- Born: July 20, 1933 London, UK
- Died: August 23, 2014 (aged 81) Bangor, Maine
- Education: University of Chicago (B.A. 1953) BUMS (M.D. 1959)
- Known for: diarrhea
- Awards: King Faisal International Prize in Medicine (1984)
- Scientific career
- Fields: diarrheal disease
- Institutions: Columbia University (1984-2001) University of Chicago (1977-84) Harvard Medical School (1964-77)

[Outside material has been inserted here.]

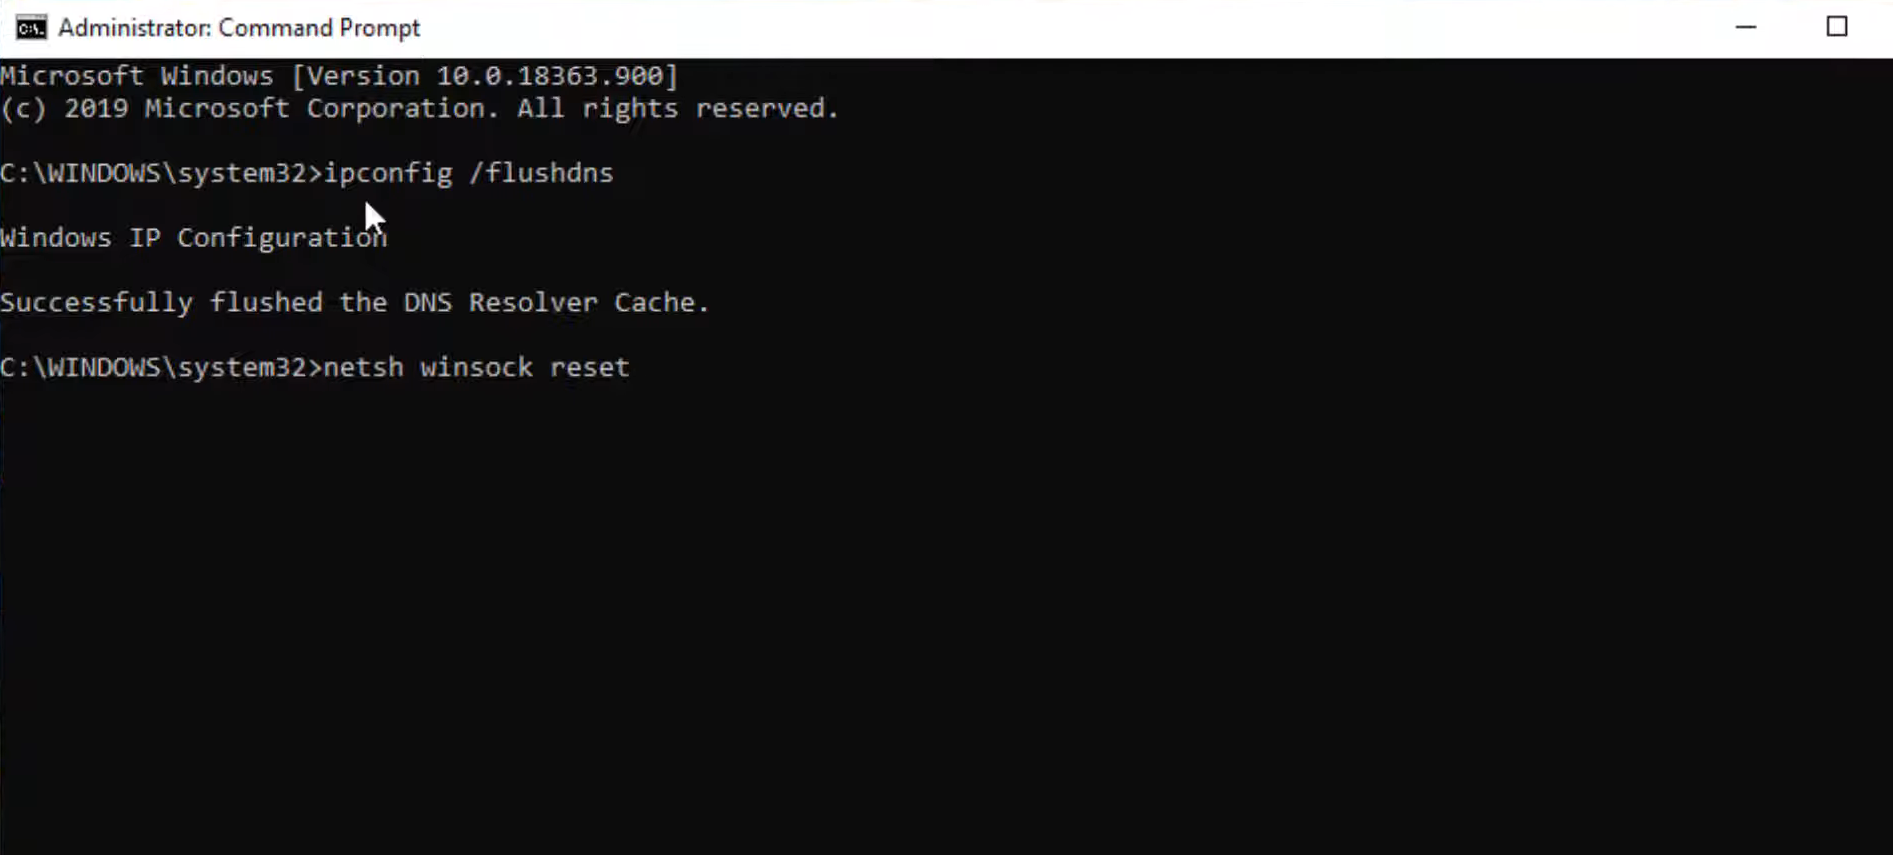 After that, input the "netsh winsock reset" command and press the enter button to execute it.

= Michael Field (physician) =

American gastroenterologist

Michael Field (1933 - 2014) was an American gastroenterologist celebrated for his work on diarrhea.

==Biography==
Born in London and raised in Hamburg until the age of 5, Field and his family fled Germany the day before Kristallnacht and relocated to Pueblo, Colorado. He obtained his medical doctorate from Boston University Medical School in 1959, after first completing a degree in English literature at the University of Chicago, and conducted postdoctoral research at Harvard Medical School before joining the faculty as associate professor of medicine. Field returned to the University of Chicago as professor in 1977, and in 1984 was appointed chief of gastroenterology and professor of medicine at Columbia University where he remained until his retirement in 2001.

==Works==
Field's research in the 1960s and 1970s provided insights into the cellular mechanisms of intestinal ion transport that changed the prevailing concepts of intestinal function and diarrhea. These advances led to the development Oral Rehydration Therapy (ORT) for cholera and other diarrheal diseases. ORT has proven to be a major breakthrough in child health, with an important role in reducing the number of deaths in children under the age of five.

==Awards==
In 1984 Field was awarded the King Faisal International Prize in Medicine for research on diarrhea together with John S. Fordtran and William Greenough. He also received the Distinguished Achievement Award and
the Distinguished Mentor Award of the American Gastroenterological Association, and the Life Time Achievement Award from Janssen Pharmaceuticals.